Medical residents endure 80 hour work-weeks, routinely spending 30 hours on duty at a time. It's a grueling schedule Dr. Marco Cavagna said he is all too familiar with.

"There's certainly a point of diminishing returns. People start thinking less clearly after you've been up a particularly long time," Cavagna said.

An 18-month study by a panel of medical experts shows the chronic sleep deprivation doctors-in-training often suffer through can lead to mistakes.

"We want to eliminate tired, fatigued residents from being in the position of delivering healthcare," said committee chairman Dr. Michael Johns.

So the committee is recommending medical trainees work no more than a 16-hour shift with at least a 5-hour rest period before the next shift begins.

"We think protected sleep is necessary if you're going to work 16 hours straight," said Brian Lindberg, with the Consumer Coalition for Quality Healthcare.

But Cavagna said he worries limiting hours might hurt continuity of care. He said patients benefit when the doctors who admitted them can spend as much time as possible caring for them.

"It is virtually impossible, no matter how succinct you are or how thorough you are to just deliver everything to the next person that's going to come in on call," Cavagna said.

It is not known just how many patients die every year from fatigue-related errors because there's no national reporting system which is something patient advocates said they want to change.

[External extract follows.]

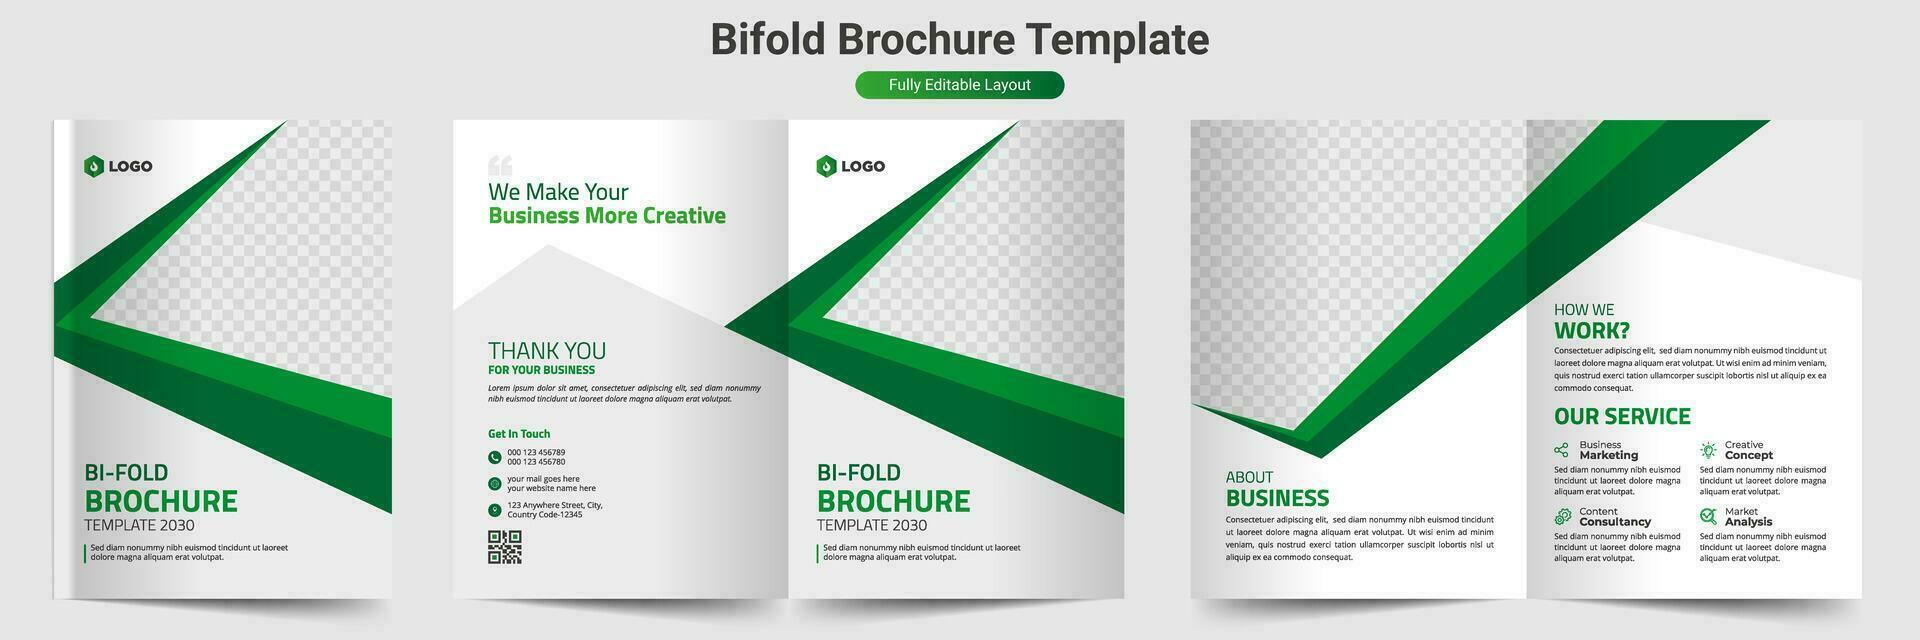 kreatives bifold-broschürenvorlagendesign vektor

"That evidence does not seem to exist," said David Dinges, with the University of Pennsylvania School of Medicine.

In addition to work hour changes, the panel also recommended limits on patient caseloads and more supervision of medical residents.

There will be some costs associated with implementing the recommendations. The panel said some of the workload will need to be shifted to other personnel so teaching hospitals will need to hire more staff. They put the cost at just under $2 billion. Where the money would come from wasn't part of the study.

A congressional committee requested the study and is urging the medical community to implement the recommendations.